**About this exercise**
An exact copy of the listing is required, with its pictures removed.

**Information supplied**
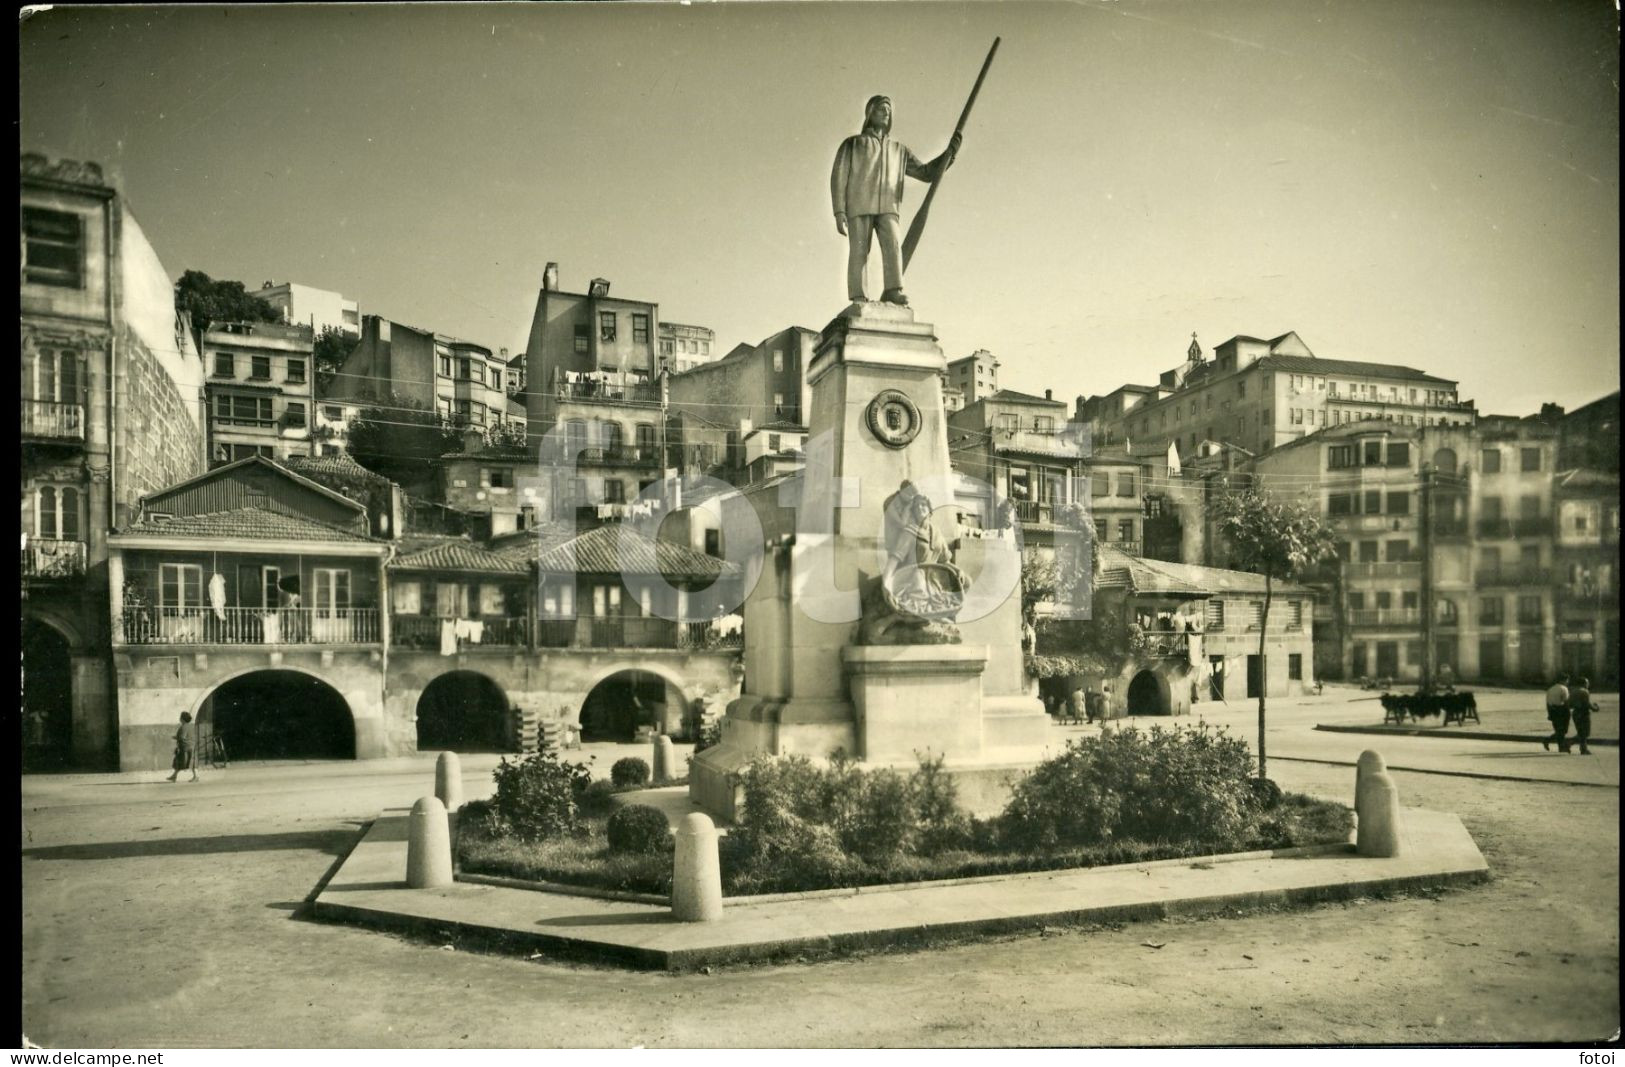 1960 REAL PHOTO FOTO POSTCARD CALLE VIGO PONTEVEDRA GALICIA SPAIN  ESPANA CARTE POSTALE - Pontevedra
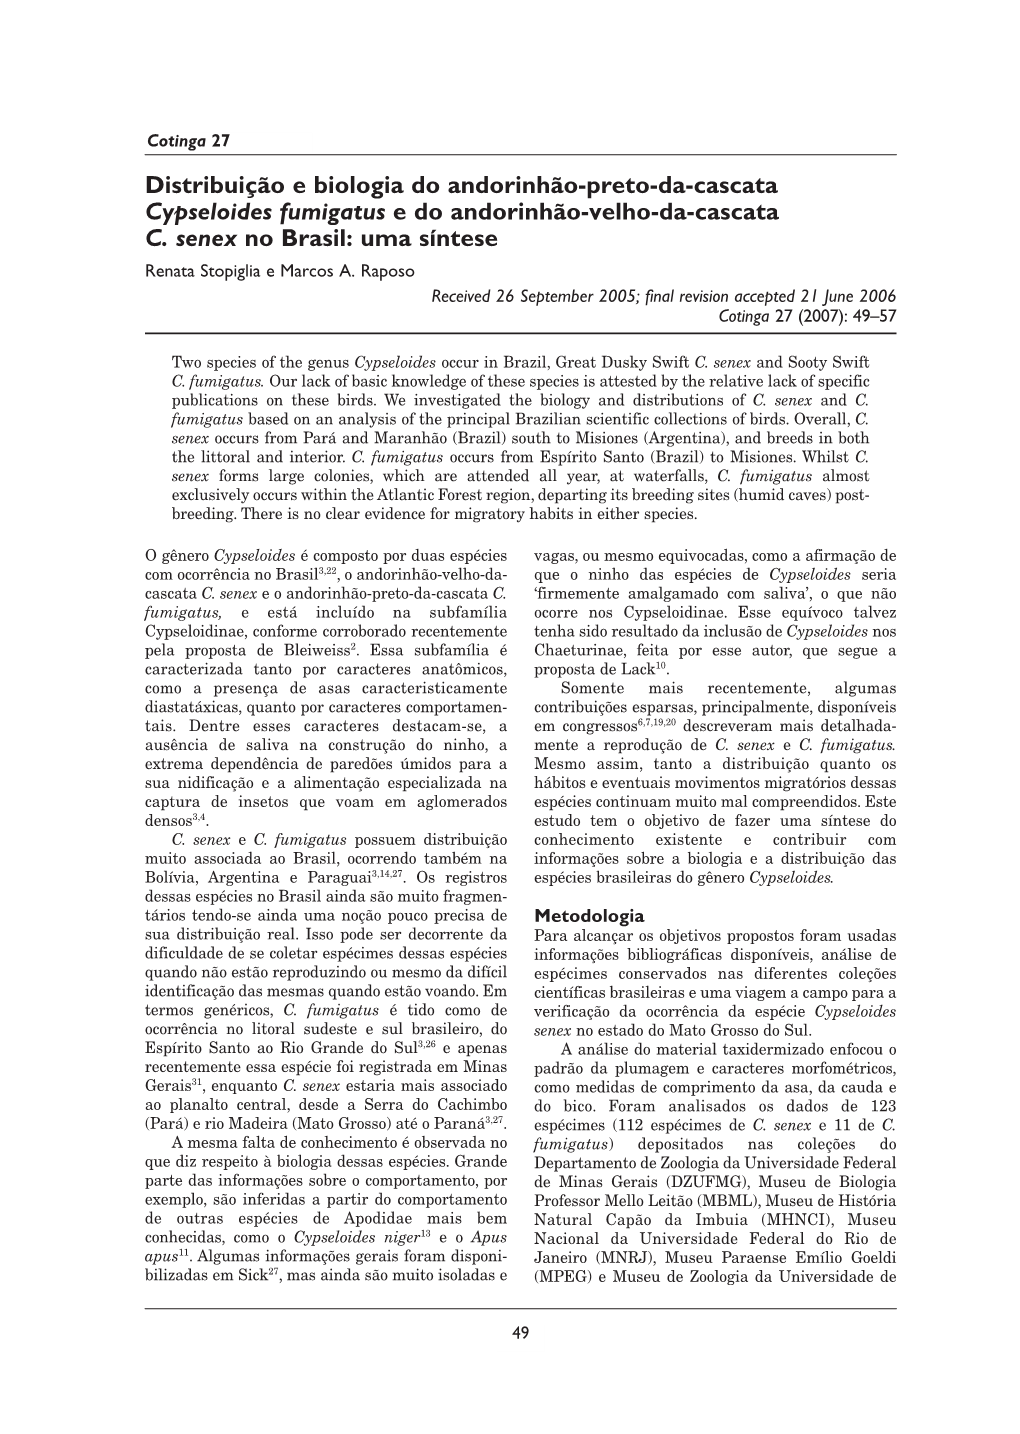 Distribuição E Biologia Do Andorinhão-Preto-Da-Cascata Cypseloides Fumigatus E Do Andorinhão-Velho-Da-Cascata C
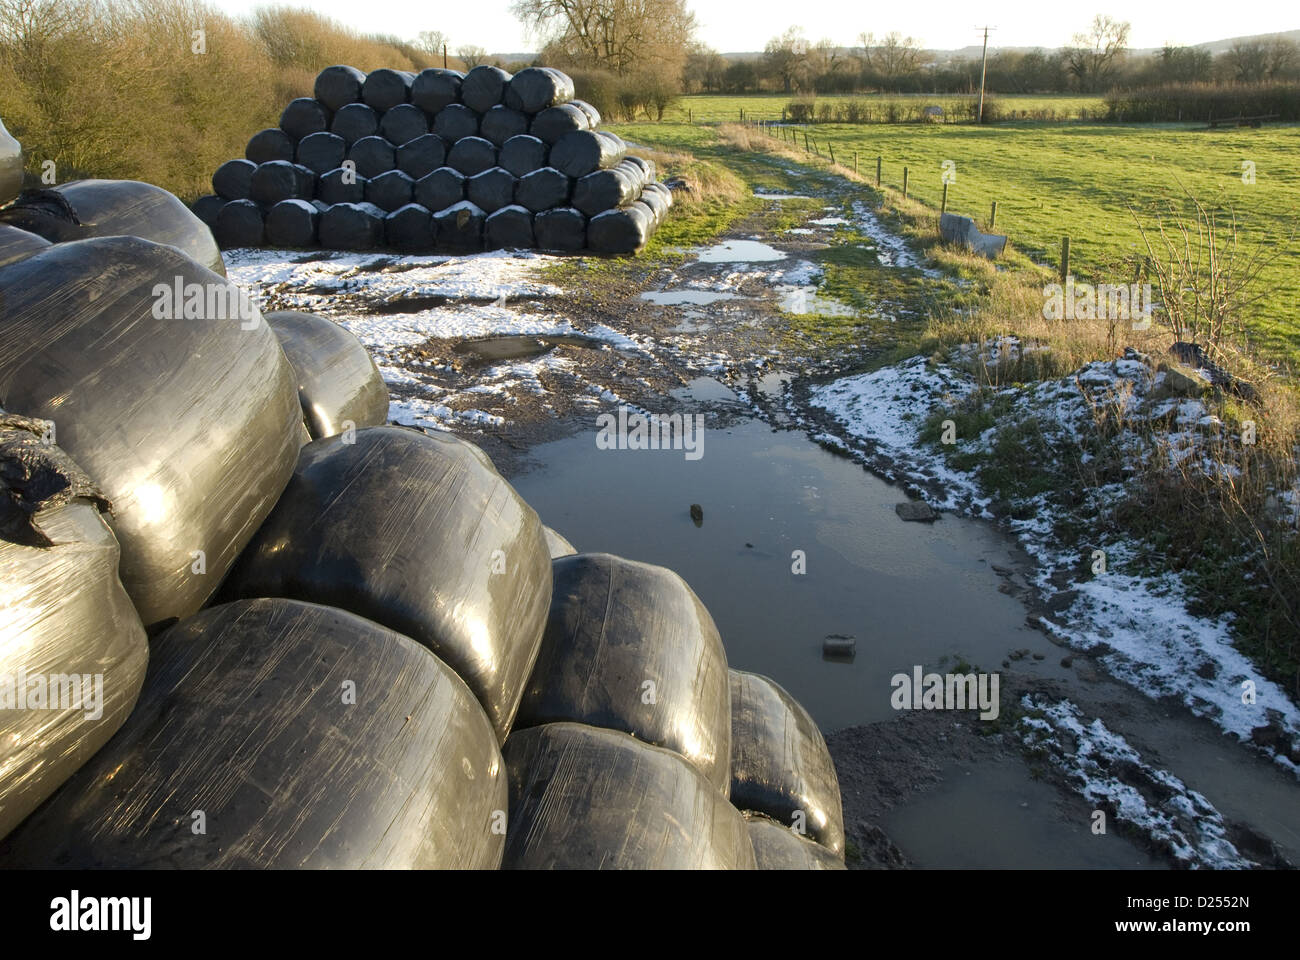 Des piles d'ensilage enrubannées noir sur l'eau boueuse, près de la voie agricole Wilstone, Hertfordshire, Angleterre, Décembre Banque D'Images

**Exercise result**
 1960 REAL PHOTO FOTO POSTCARD CALLE VIGO PONTEVEDRA GALICIA SPAIN  ESPANA CARTE POSTALE - Pontevedra
 Distribuição E Biologia Do Andorinhão-Preto-Da-Cascata Cypseloides Fumigatus E Do Andorinhão-Velho-Da-Cascata C
 Des piles d'ensilage enrubannées noir sur l'eau boueuse, près de la voie agricole Wilstone, Hertfordshire, Angleterre, Décembre Banque D'Images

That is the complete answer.